In [12]:
# @title Install the Dependencies and Set Things Up {"display-mode":"form"}
!pip install bertviz -q
import warnings
from transformers import utils
warnings.filterwarnings("ignore", message="`encoder_attention_mask` is deprecated and will be removed in version 4.55.0")
utils.logging.set_verbosity_error() # Suppress verbose output

print("Dependcies are install and we're ready to rock and roll. 🎸")

Dependcies are install and we're ready to rock and roll. 🎸


# Understanding the Attention Mechanism: How Models Focus

**Previously**: You've learned how text becomes tokens and how an **attention mask** tells the model which tokens to ignore (`0`) and which to focus on (`1`).

But how does the model *use* that information to _focus_? The secret is the **attention mechanism**, the engine that allows models to weigh the importance of different words in a sentence.

Think of it like this: when you read the sentence, "The cat sat on the mat," your brain instantly knows that "sat" is related to "cat" (the one doing the sitting) and "mat" (where it sat). The attention mechanism gives models this same ability to understand relationships between words, no matter how far apart they are.

# From Word Embeddings to Contextual Understanding

Before we dive into attention, let's quickly review a key concept or two from our last discussion.

**Tokenization**: We split text into tokens and map them to IDs.

> `"The cat sat"` &rarr; `[101, 1996, 4937, 3323, 102]`

Once we have our tokens, the next step is to create an **embedding**. Each token ID is then mapped to a dense vector of numbers (an **embedding**). This vector represents the word's "meaning" in a multi-dimensional space.

> Initially, the embedding for "bank" is the same in "river bank" and "money bank." This is a problem.

This is where **attention** comes in. It takes these initial, context-free embeddings and enriches them with information from all other words in the sentence.

# The Core Idea: Queries, Keys, and Values

The attention mechanism works by creating three special vectors for each word's embedding:

1.  **Query (Q)**: What I'm currently looking for (e.g., the current word being processed).
2.  **Key (K)**: What this word has to offer (e.g., a label for another word).
3.  **Value (V)**: The actual information this word provides.

## An Analogy: A Library

Imagine you're researching "artificial intelligence" in a library. (**Fair warning**: I am about to show my age.)

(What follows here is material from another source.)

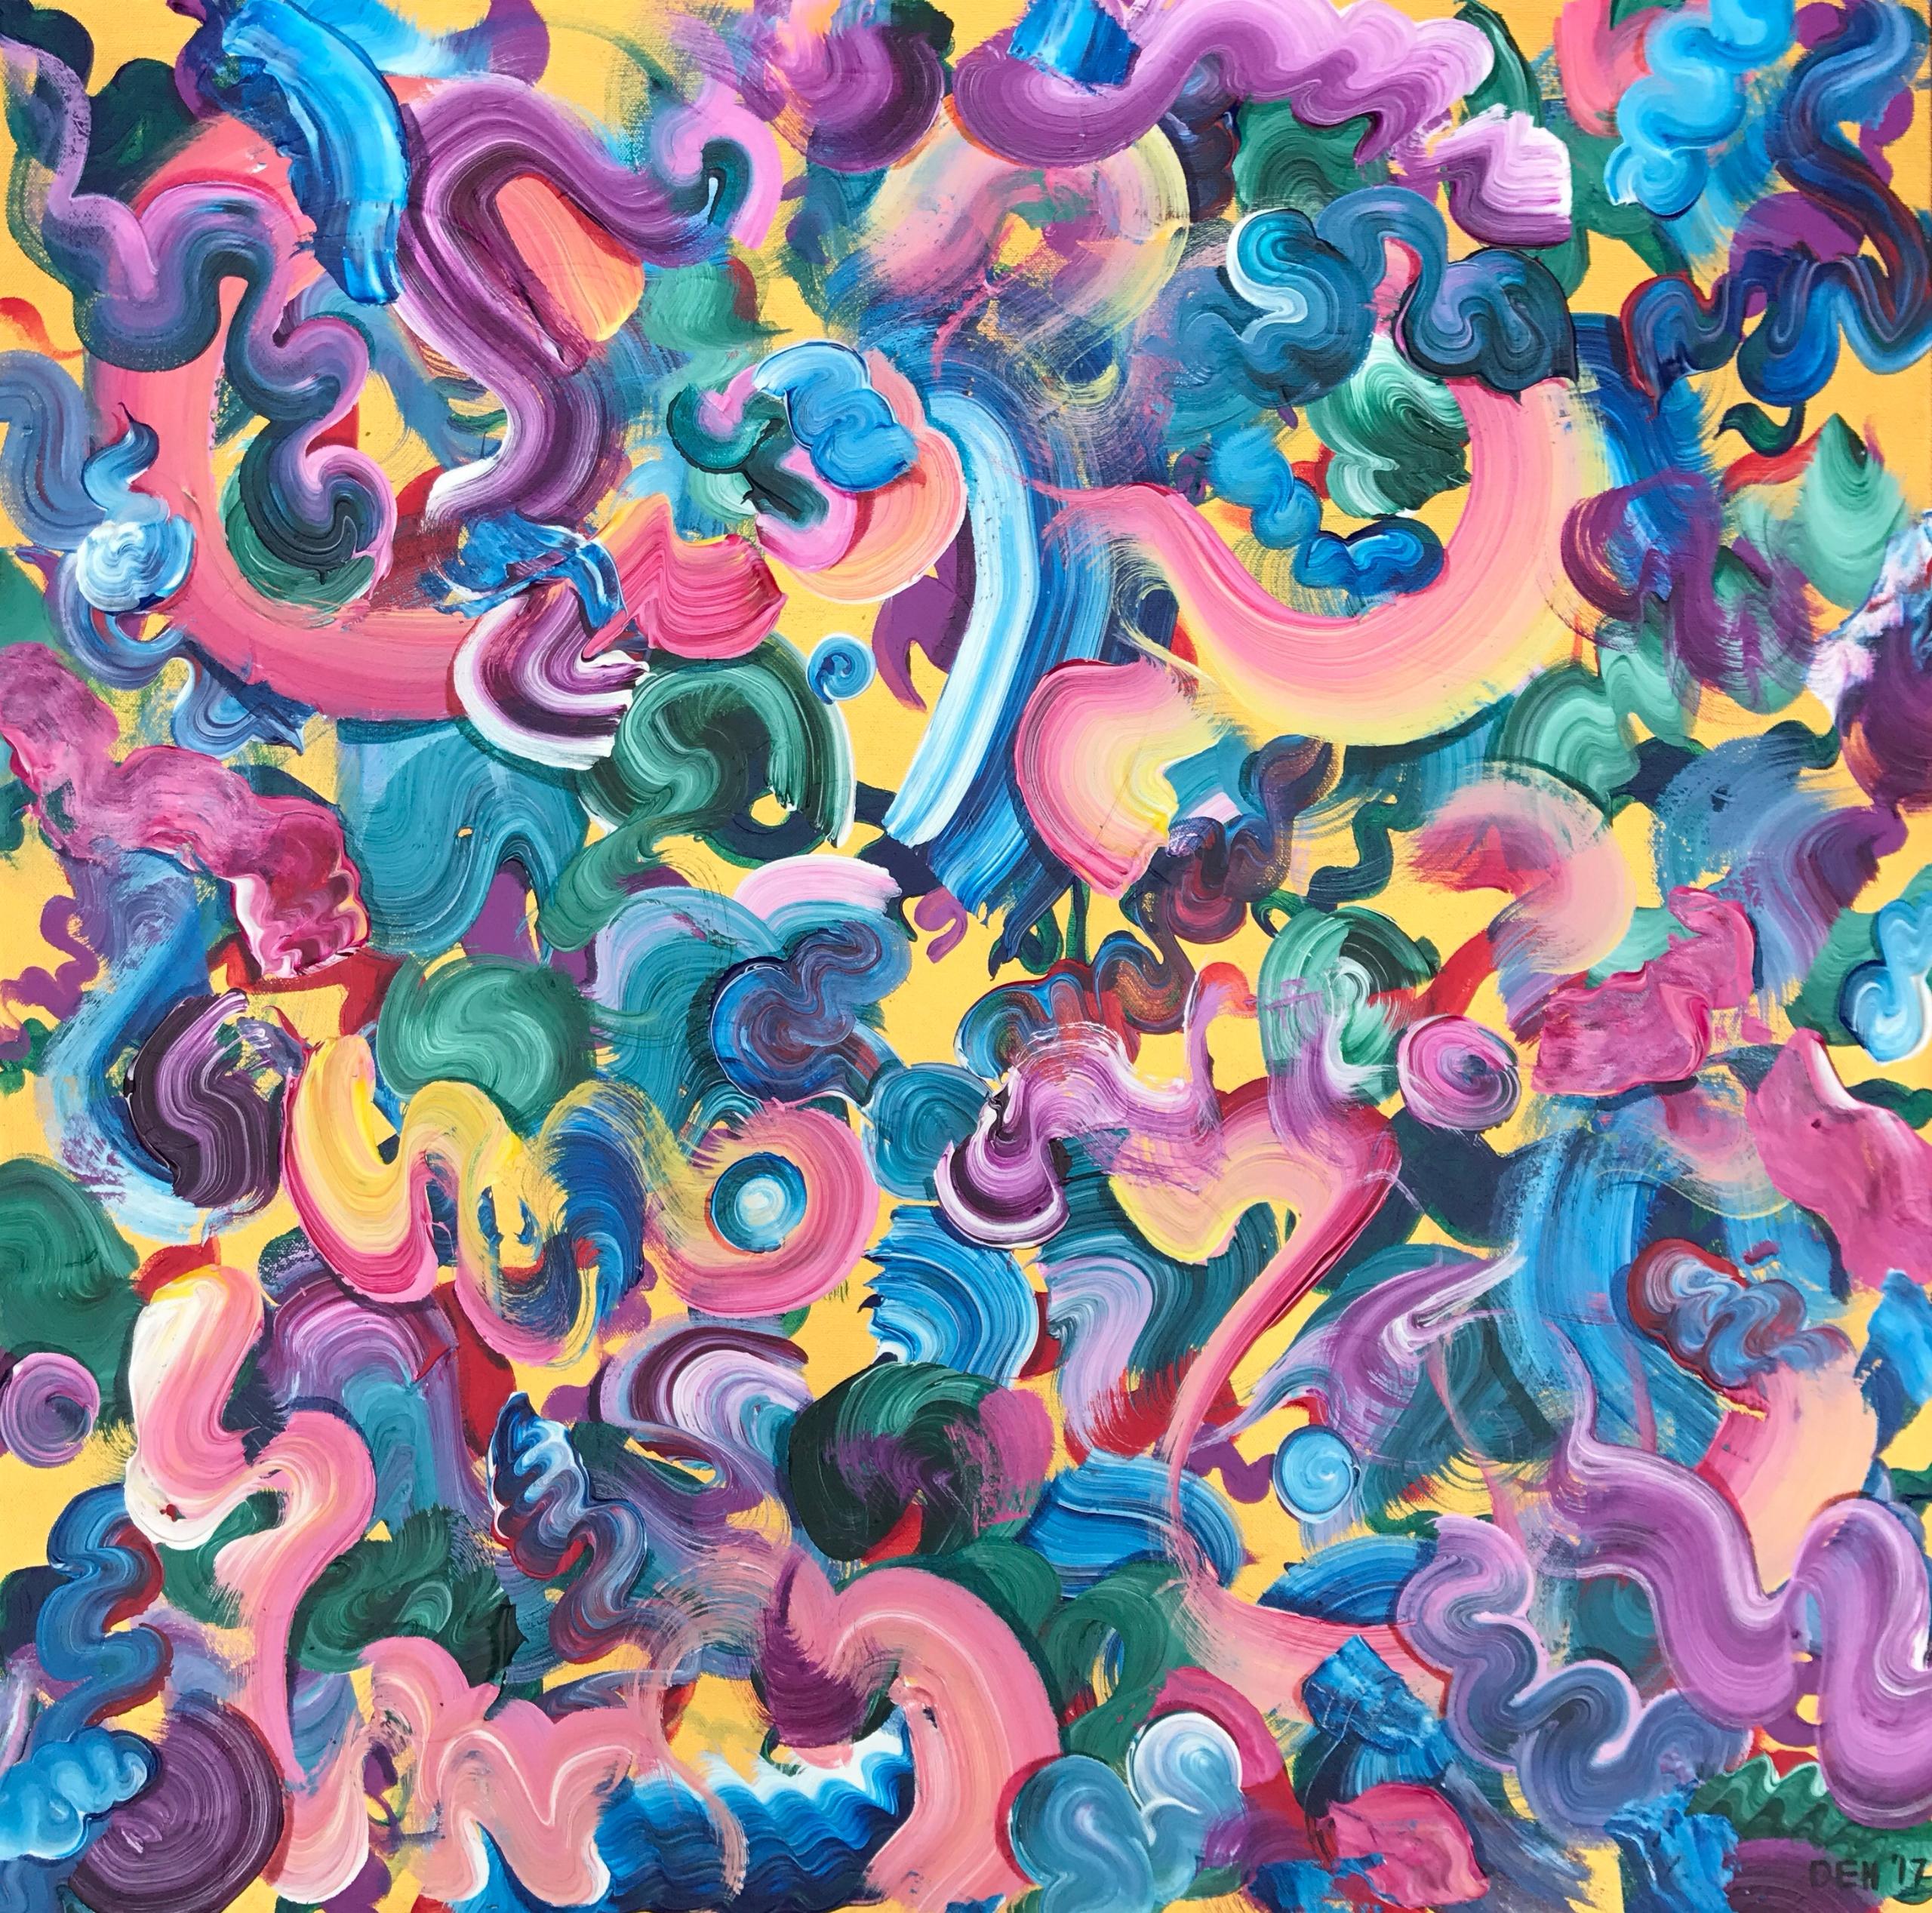 Ello! paintings combine natural - dhuston | ello
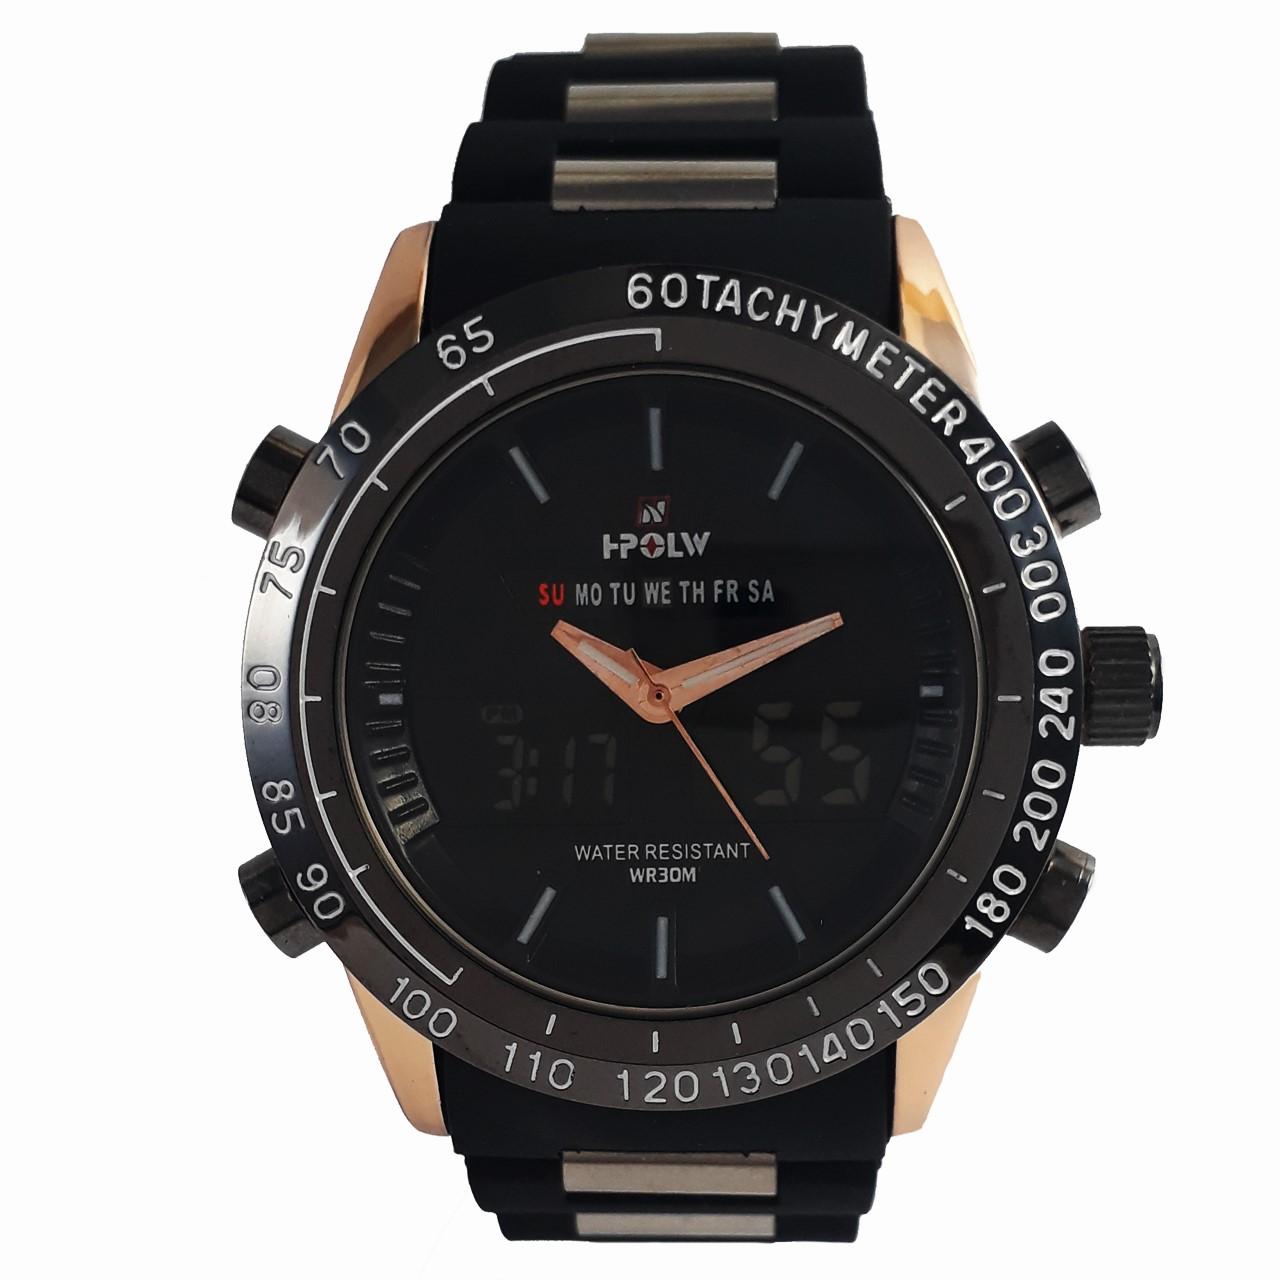 ساعت مچی عقربه ای مردانه اچ-پولو مدل FS1519

  * Your **Query (Q)** is your research topic: "artificial intelligence."
  * You go to the card catalog. Each book's title is a **Key (K)**. You compare your query to each key to see how well they match.
  * A book titled "A History of AI" is a strong match. A book on "Gardening" is a weak match.
  * The content of the books are the **Values (V)**.
  * You pull out the books that are the best matches (highest attention scores) and blend their information together to get a rich, contextual understanding.

The attention mechanism does this for every single word in the input, allowing the model to learn which other words are most important for understanding its meaning in that specific context.

# Visualizing Attention

Let's use a simple example to see what this looks like. We'll need a model and tokenizer, and then we can visualize the attention scores.

(**Tasting note**: We're going to use the [bertviz](https://github.com/jessevig/bertviz) library to help visualize attention.)

In [13]:
from transformers import AutoTokenizer, AutoModel, utils
from bertviz import head_view # A great library for visualizing attention

model_name = "bert-base-uncased"
tokenizer = AutoTokenizer.from_pretrained(model_name)
model = AutoModel.from_pretrained(model_name, output_attentions=True)

sentence_a = "The cat sat on the mat" #@param {type:"string"}
sentence_b = "The dog played in the park" #@param {type:"string"}

# Tokenize and get model outputs
inputs = tokenizer(sentence_a, sentence_b, return_tensors='pt')
outputs = model(**inputs)
attention = outputs[-1]  # The last output is the attention scores

# Visualize the attention from the [CLS] token
head_view(attention, tokens=tokenizer.convert_ids_to_tokens(inputs['input_ids'][0]))

<IPython.core.display.Javascript object>

Looking at the visualization, we can (hopefully) see strong connections between `cat` and `sat`/`mat`, and between `dog` and `played`/`park`. You'd also see that the model learns to keep the two sentences separate, thanks to the `[SEP]` token.

# In Summary

We started with high-level **Pipelines** to see what models can do, then you dove deep into **Tokenization** to understand how we prepare text for a model to read. We're _killing_ it.

So, now we've covered what an `attention_mask` is, a crucial list of 1s and 0s. You know *what* it does—tells the model which tokens to pay attention to—but not *how* or *why*.

Understanding attention is the key to truly understanding how models like BERT and GPT work. It's how they find relationships between words and generate meaningful text.

AI systems are not magical, but rather complex and elegant systems built on clever principles that you can understand.